Abraham Farlan: Your smile is not unattractive, sir. Did you use it to enamor this young American lady?
Peter: I love her sir.
Abraham Farlan: Answer the question.
Peter: Would you repeat the question? It, erm, had "enamored" in it.
Conductor 71: [speaking with strong French accent] Your time was up. But they missed you because of your ridiculous English climate.
Doctor Frank Reeves: Sir, may I bring you up to date? We are living in the 20th century, not in the 18th.
Abraham Farlan: May I bring you up to date, sir? We are not alive at all.
Abraham Farlan: An American baby sucks in freedom with the milk of the breast on which he hangs.
June: Received your message. We can hear you. Are you wounded? Repeat. Are you wounded? Are you bailing out?
Peter: What's your name?
June: June.
Peter: Yes June, I'm bailing out. I'm bailing out but there's a catch, I've got no parachute.
Doctor Frank Reeves: This is a court of justice, not of law.

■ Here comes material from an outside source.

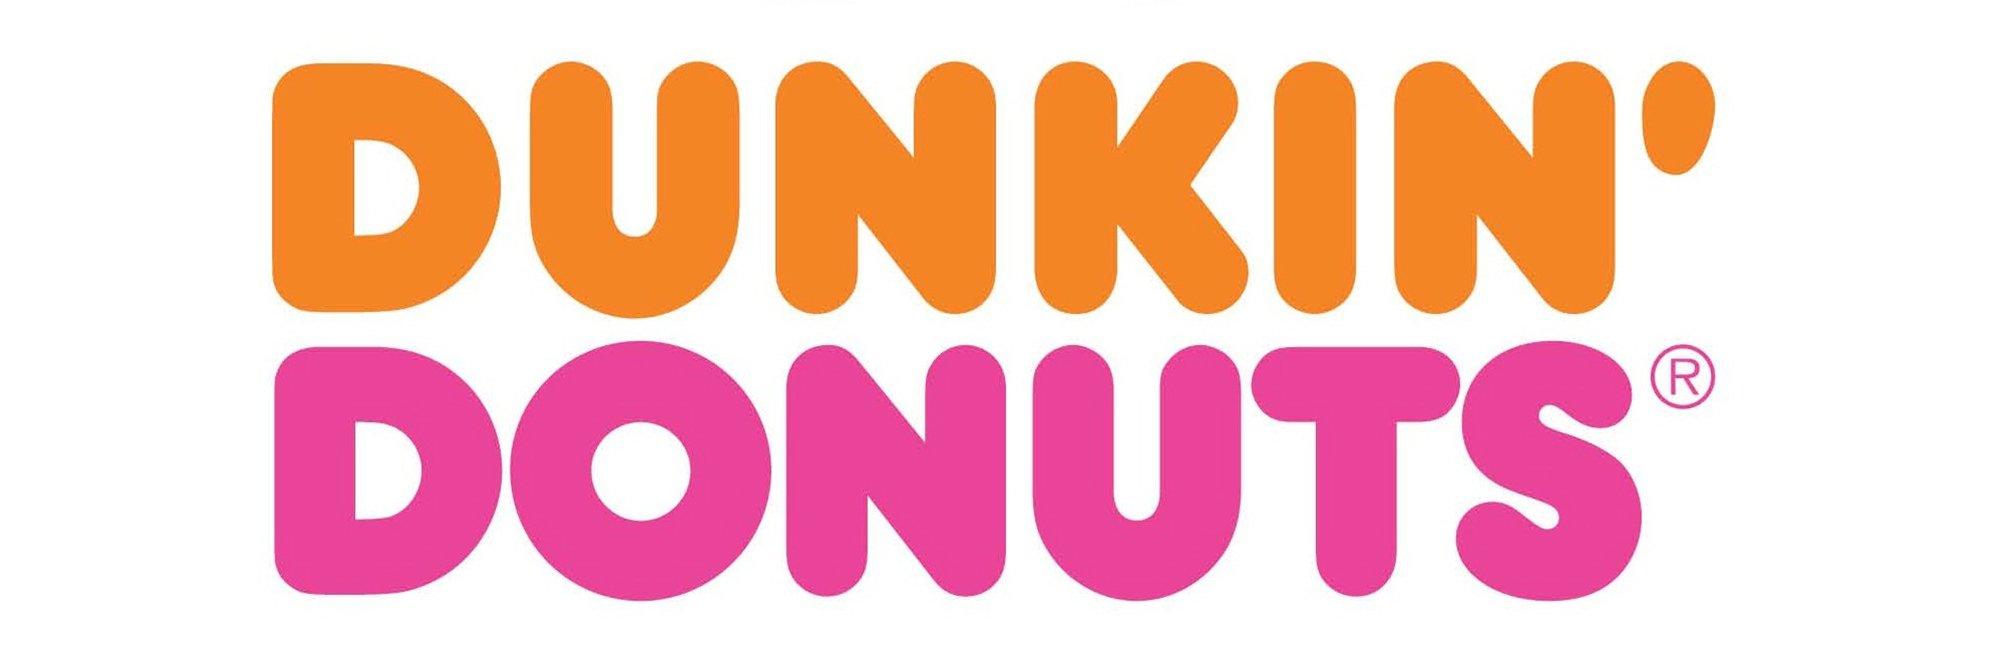 Dunkin Donuts Logo, Dunkin Donuts Symbol, Meaning, History ...

Doctor Frank Reeves: [talking to Peter] I've got bad news for you.
June: Then why the grin?
Doctor Frank Reeves: You're going with me.
June: Where to?
Doctor Frank Reeves: [talking to both June and Peter] To my house, for two reasons, first I want to meet this chap next time he drops in and second I like a nice girl around the house and she only come to see me to borrow a book, and she's a slow reader
Peter: "Give me my scallop-shell of quiet, My staff of faith to walk upon, My scrip of joy, immortal diet, My bottle of salvation, My gown of glory, hope's true gage; And thus I'll take my pilgrimage." Sir Walter Raleigh wrote that. I'd rather have written that than flown through Hitler's legs!
Doctor Frank Reeves: The rights of the uncommon man must always be respected.
Peter: [to dead radio operator] So long, Bob. I'll see you in a minute. You'll know what we wear by now - a prop or wings!
Peter: Look at her.
Bob: Holy smoke! She looks like a nice girl.
Doctor Frank Reeves: She is a nice girl.
Bob: Hardly your type, Skip.
Peter: I've fallen in love with her. Her accent is foreign, but it sounds sweet to me. We were born thousands of miles apart, but we were made for each other.
Doctor Frank Reeves: Tell me, do you believe in the survival of human personality after death?
Peter: I thought you said you read my verses.
[to June]
Doctor Frank Reeves: Do you?
June: I don't know, er, I'd never thought about it, do you?
Doctor Frank Reeves: I don't know, I've thought about it too much.
Doctor Frank Reeves: Milord, I submit that this court is concerned with the life and death of Peter Carter and not with past history or present plumbing.